After writing the above, you can then enable it and put it before the HttpProxyMiddleware, as shown below.

DOWNLOADER_MIDDLEWARES = {

    'myproject.middlewares.CustomProxyMiddleware': 350,

    'scrapy.downloadermiddlewares.httpproxy.HttpProxyMiddleware': 400,

}

How to Verify Scrapy Proxies

If you followed any of the procedures above and fill in the correct proxy data, then your proxies have been set from the Scrapy end. But are they working? You will need to test them out. To do that, send a request to any of the proxy lookup tools such as Whatismyip.com – if it shows your real IP address, then something is wrong either from the setup or from the proxies you are trying to use.


Rotating Proxies for Scrapy Projects

Scrapinghub has its own proxy service known as Crawlera, which you can use together with Scrapy. Crawlera is priced per request. If you are looking forward to using a general proxy service, then you can make a choice from one of the proxy providers below – they are all residential proxies, and we have tested their proxies – and they can be trusted to sell only working proxies.
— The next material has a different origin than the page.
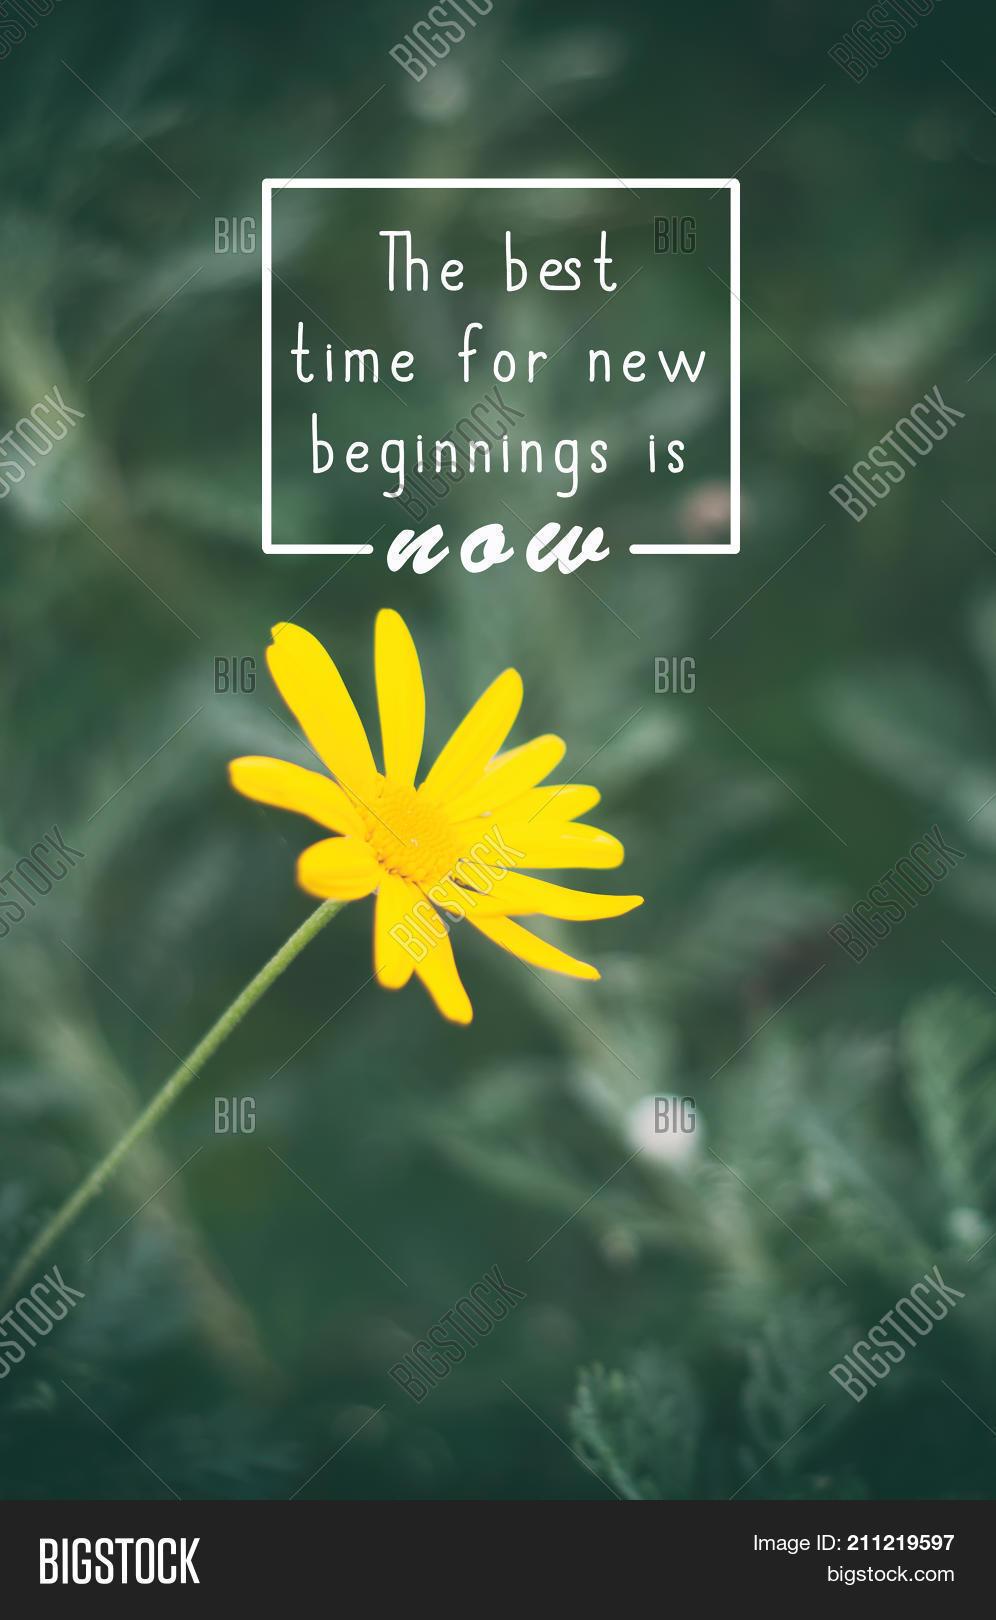 Life Inspirational Image Photo Free Trial Bigstock

You will need rotating proxies to avoid the hurdle of rotating proxies and managing a list of proxies that could get bad quickly.


Luminati

Luminati

  • IP Pool Size: Over 72 million
  • Locations: All countries in the world
  • Concurrency Allowed: Unlimited
  • Bandwidth Allowed: Starts at 40GB
  • Cost: Starts at $500 monthly for 40GB

Luminati is arguably the best proxy provider in the market. They sell residential proxies, mobile proxies, and datacenter proxies. One thing you will come to like about this provider is that they offer a 7 days free trial. They have the largest residential proxy pool with over 72 million residential IPs from all countries and major cities in each supported country.
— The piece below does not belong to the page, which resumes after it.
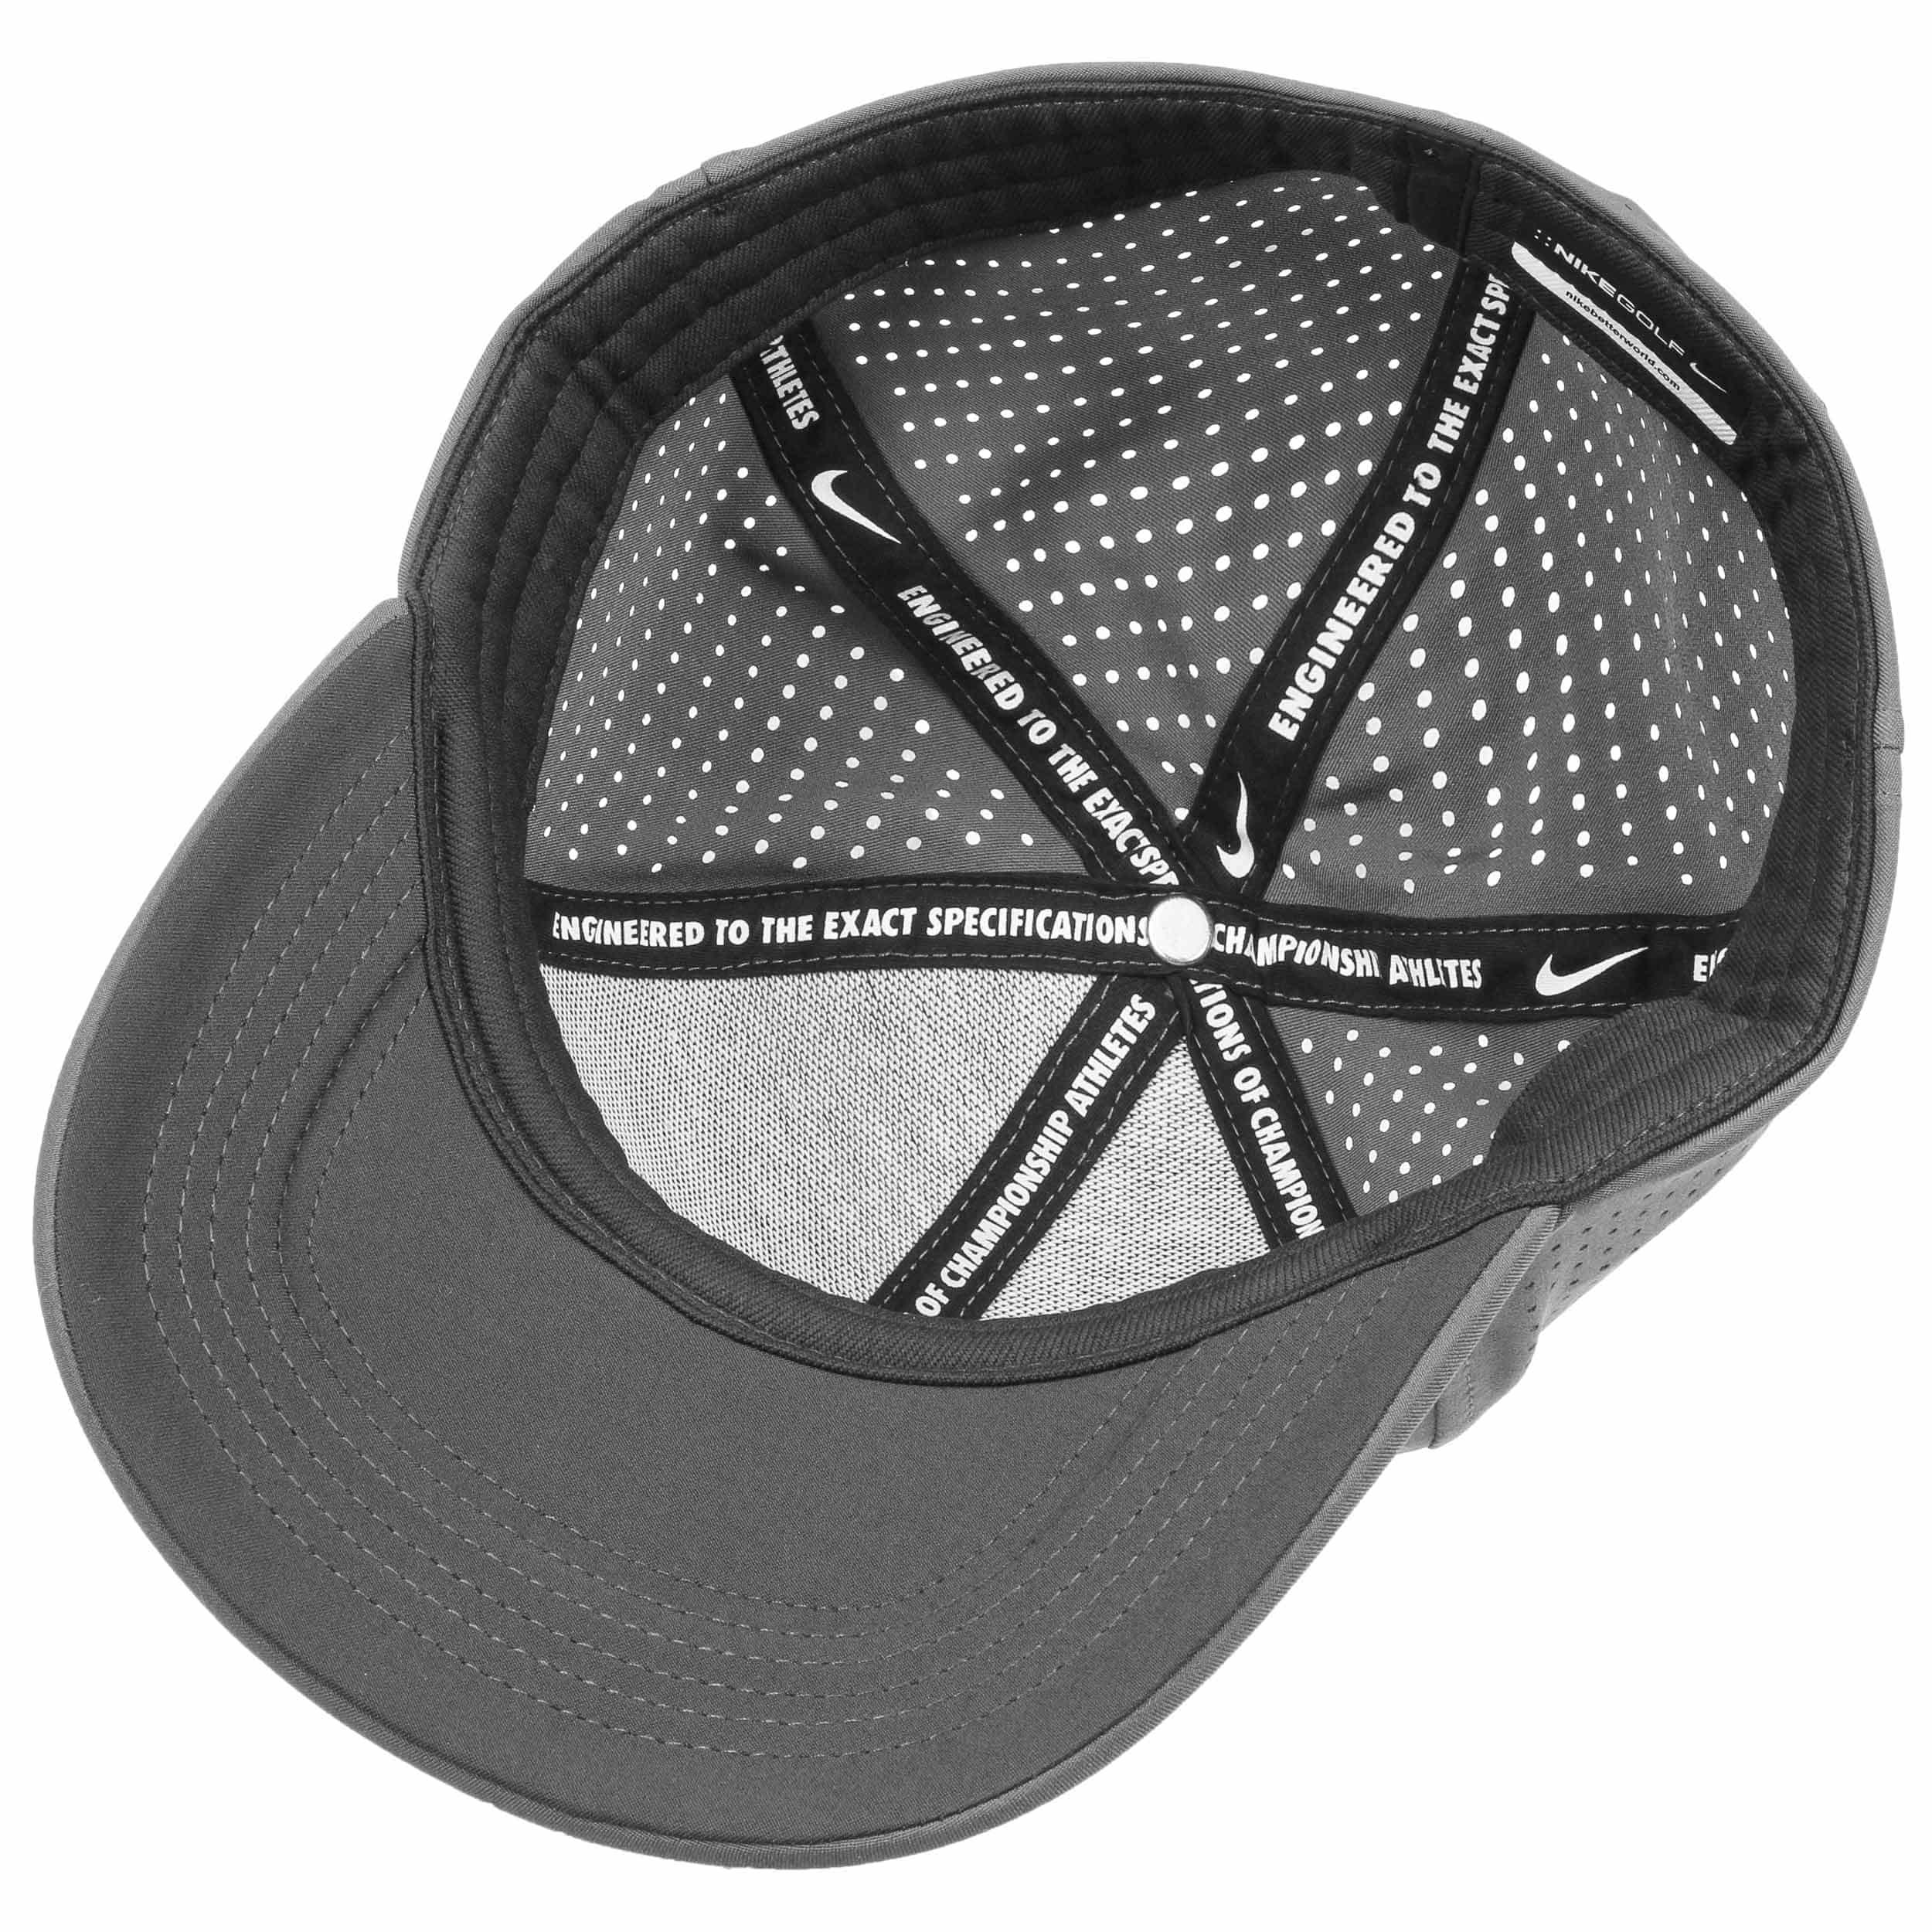 ... Golf Classic 99 Baseball Cap by Nike - grey 2 ... 0c5377a9b1d

They have one of the fastest speeds as far as scraping is concerned, and they have proven to work with all the popular web services. Their proxies are rotating proxies and change IP address after every request or a defined period of time.
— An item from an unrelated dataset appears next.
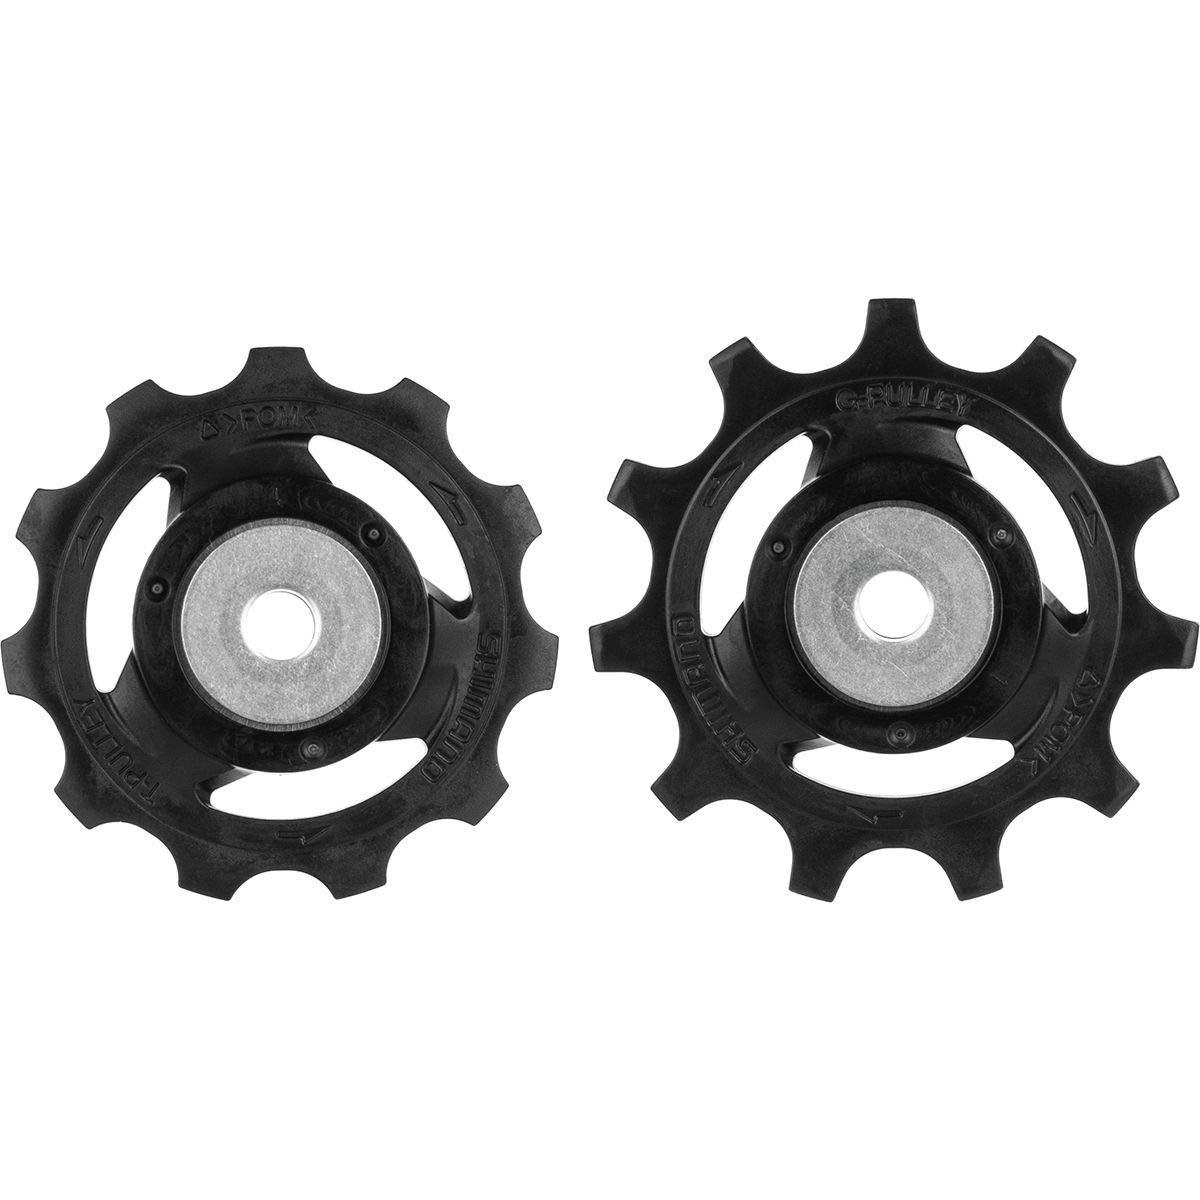 SHIMANO Ultegra 11 Speed Road Pulley Wheel Kit Black, Ultegra RD-R8000 by SHIMANO

Luminati rotating residential proxy


Smartproxy

smartproxy for twitter

  • IP Pool Size: Over 40 million
  • Locations: 195 locations across the globe
  • Concurrency Allowed: Unlimited
  • Bandwidth Allowed: Starts at 5GB
  • Cost: Starts at $75 monthly for 5GB

While Luminati proxies are secure, reliable, and fast, the minimum monetary requirement will scare most small scale scrapers aware as you require a minimum of $500. For a premium provider with a smaller minimum monetary requirement, you can go for Smartproxy. Smartproxy has a pool with over 40 million residential IPs.

They have support for both high rotating proxies and session-based proxies that will help you maintain sessions for up to 10 minutes. Smartproxy has support for about 195 countries and 8 major cities around the world.

Smartproxy for etsy


Shifter

Shifter Formerly Microleaves

  • IP Pool Size: Over 31 million
  • Locations: 130 countries
  • Concurrency Allowed: Unlimited
  • Cost: Starts at $249.99 monthly for 10 ports

Shifter has support for major cities and many countries around the globe. From the supported locations, it has a total of over 31 million residential backconnectIPs, making it one of the largest proxy networks in the market. Shifter proxies are priced based on ports and not bandwidth, like the others discussed above.

With Shifter, you will enjoy unlimited bandwidth usage, which makes it perfect for scraping tasks that consume much bandwidth. Shifter backconnect proxies change IP after every 5 minutes. You can use their proxies for a good number of scraping tasks as they are fast, secure, and also reliable.

shifter backconnect proxies

Conclusion

With or without using Scrapy, proxies are a must if you intend to scrape websites. Scrapy has support for using proxies, and setting proxies is incredibly easy in Scrapy. With the method discussed above, you should be able to set up proxies on Scrapy in no time. I also made recommendations on the best rotating proxies to use with Scrapy if you do not want to use Crawlera.